__Your goal__
Return the data word for word. Pictures are to be omitted.

__Supplied material__
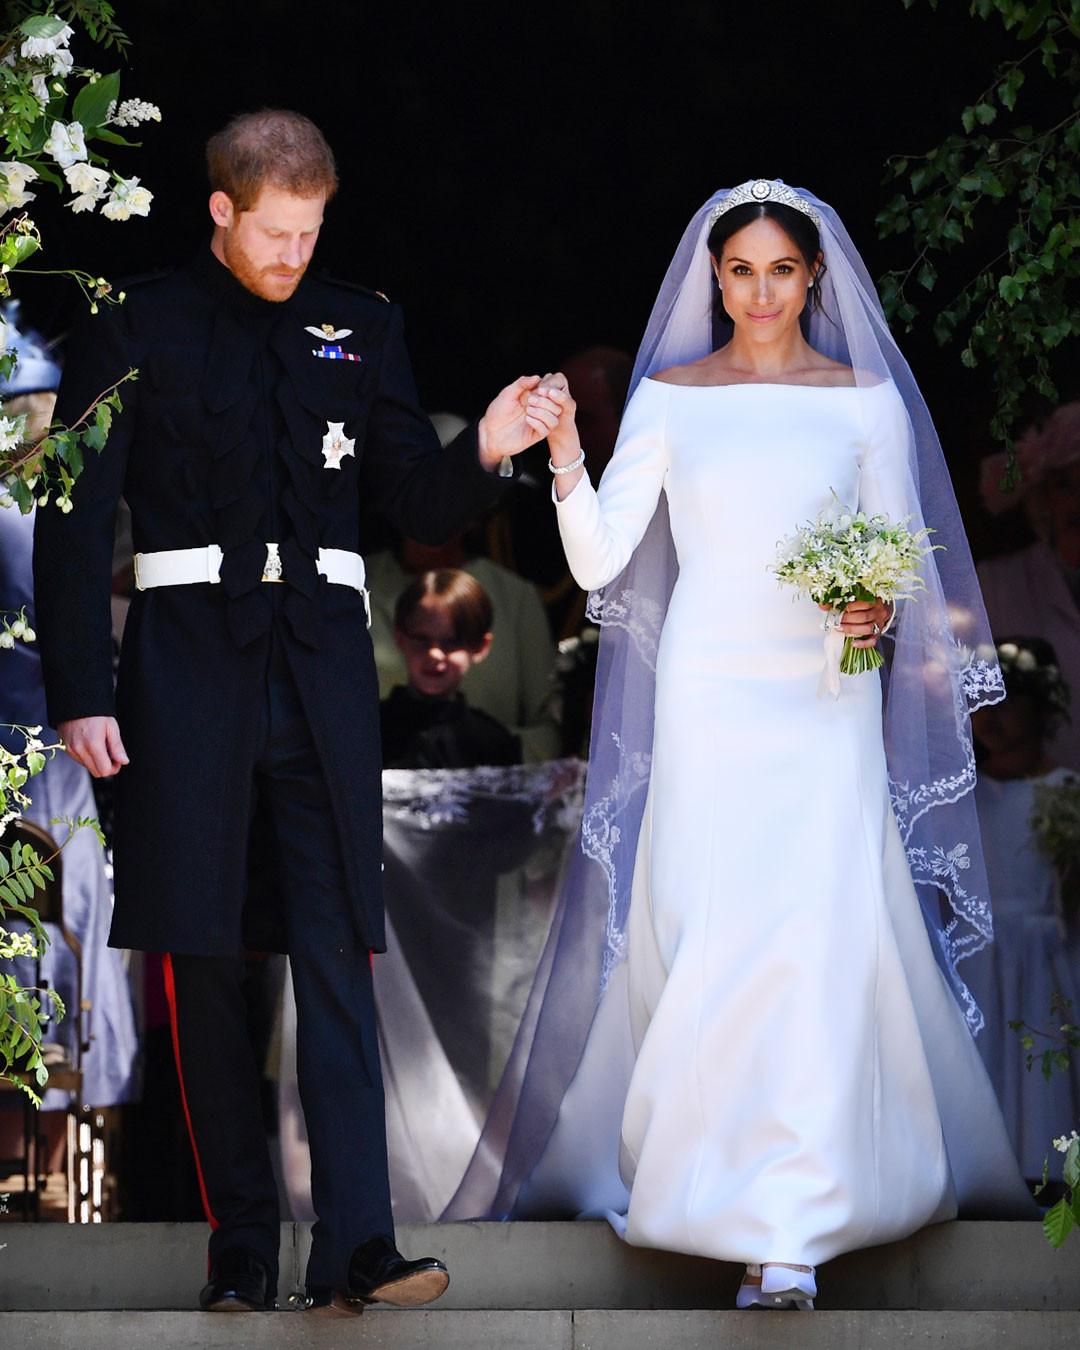 ESC: Prince Harry, Meghan Markle, Highs
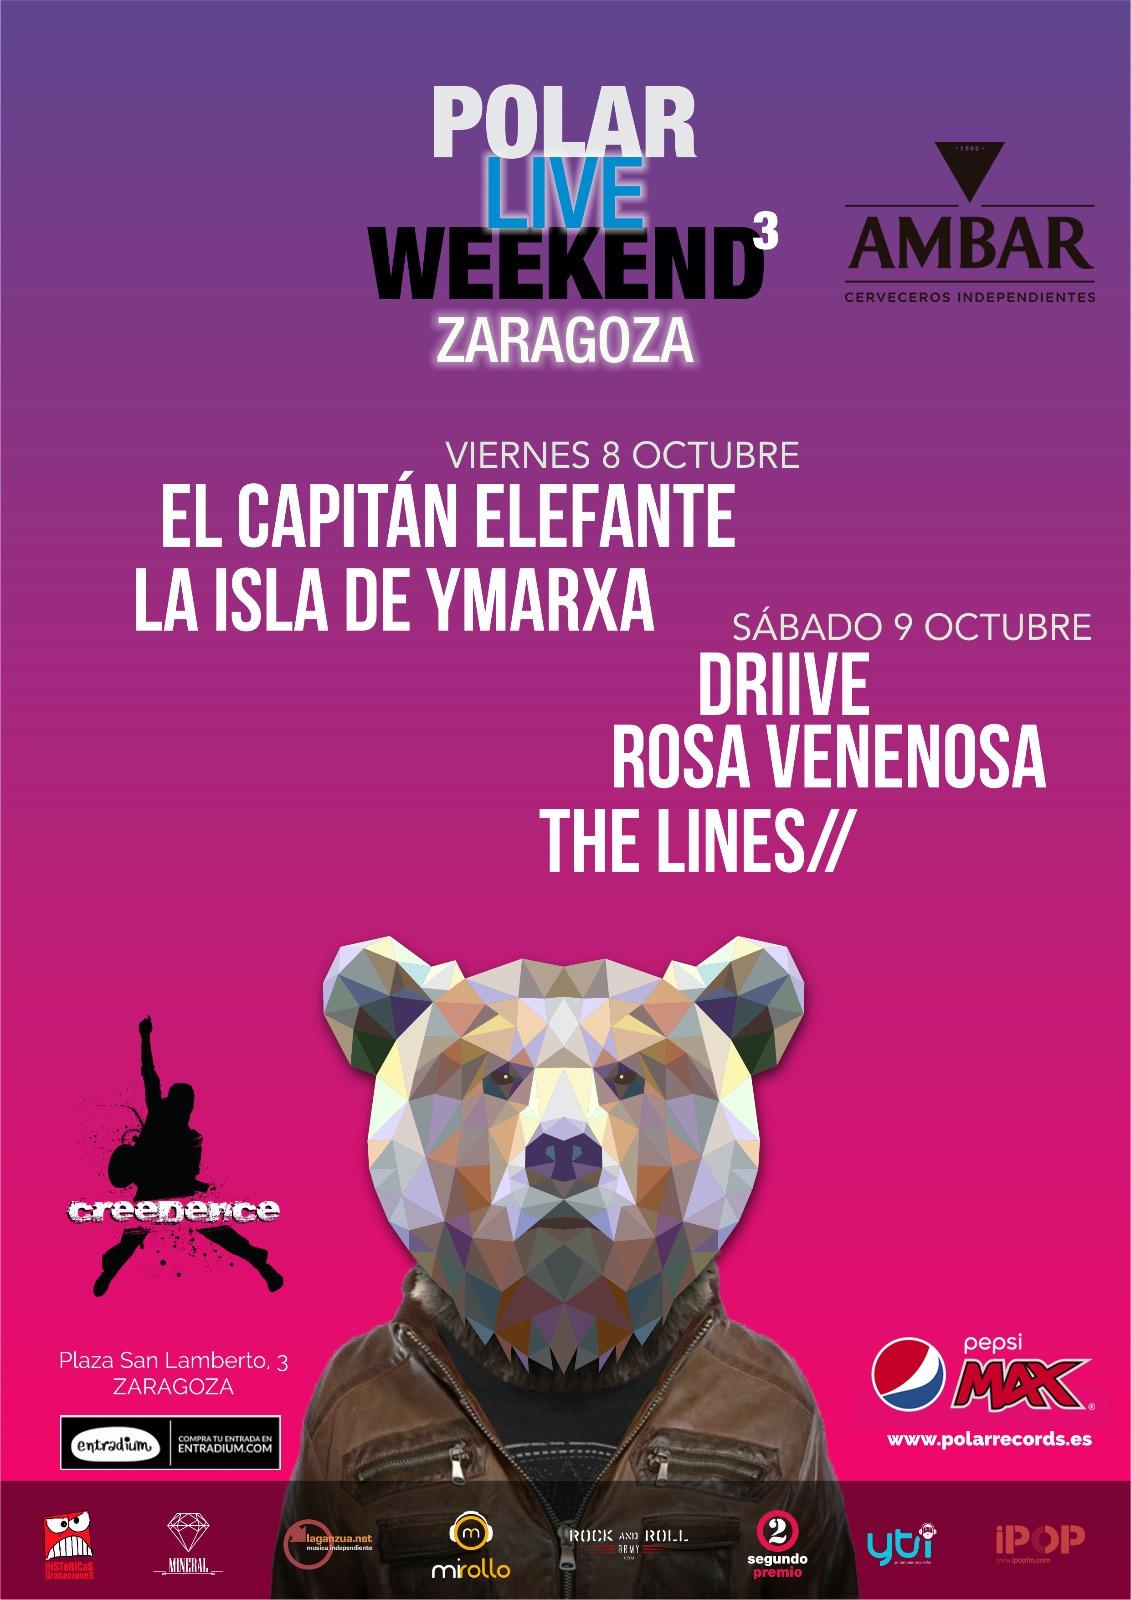 Polar-Live-Weekend.-Sala-Creedence-Zaragoza
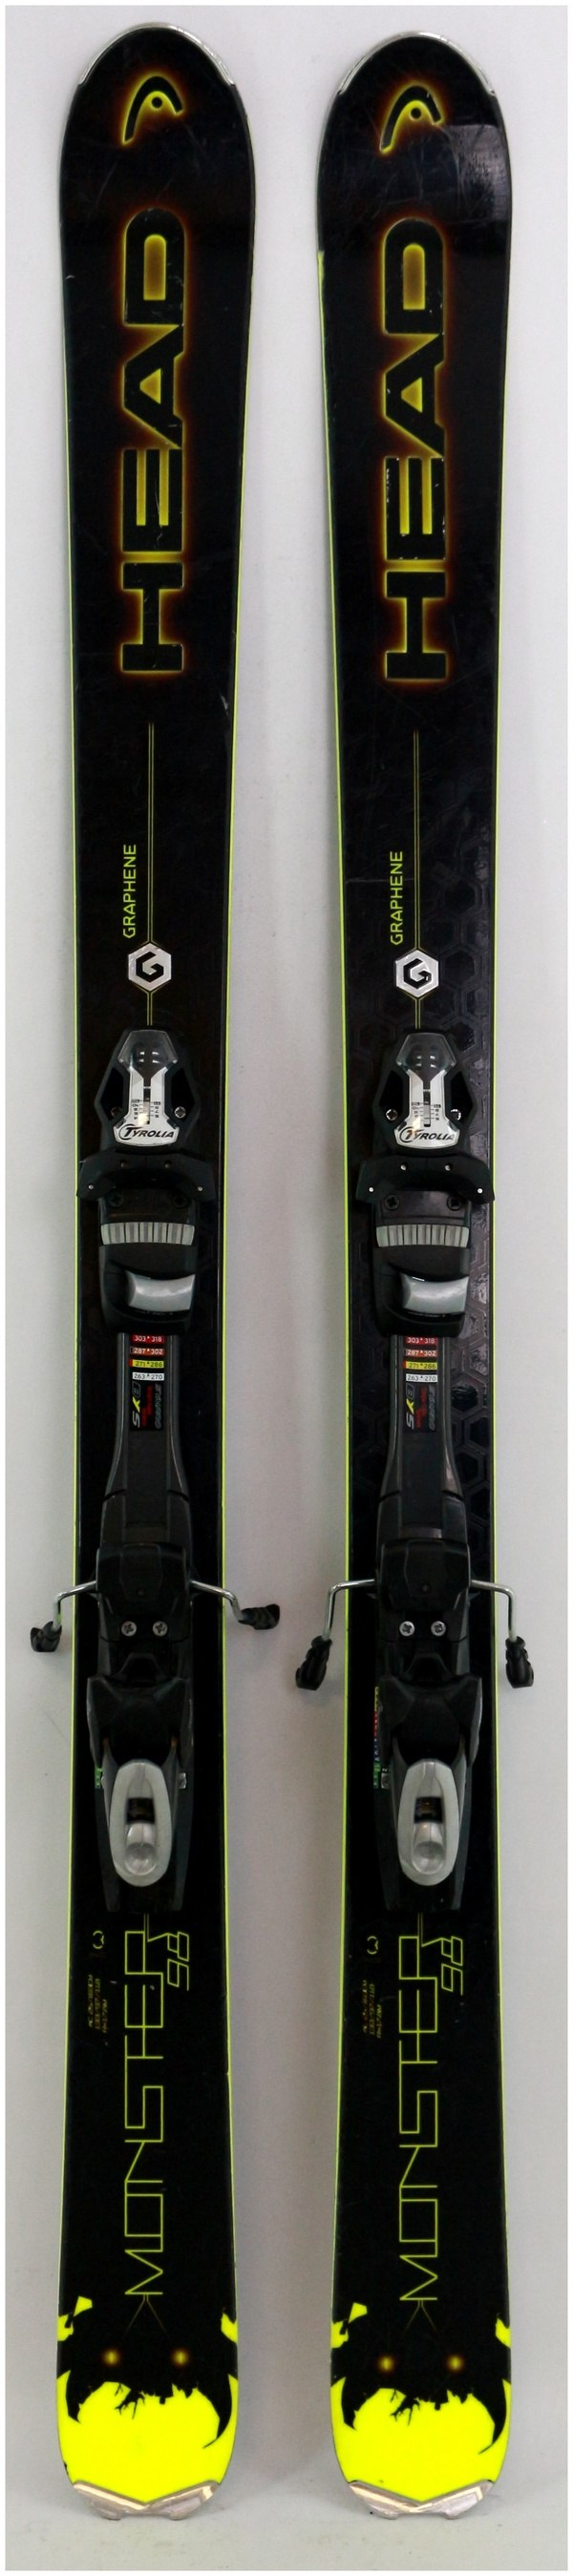 Tyrolia SP12 SYMPRO downhill ski bindings

__Task answer__
 ESC: Prince Harry, Meghan Markle, Highs
 Polar-Live-Weekend.-Sala-Creedence-Zaragoza
 Tyrolia SP12 SYMPRO downhill ski bindings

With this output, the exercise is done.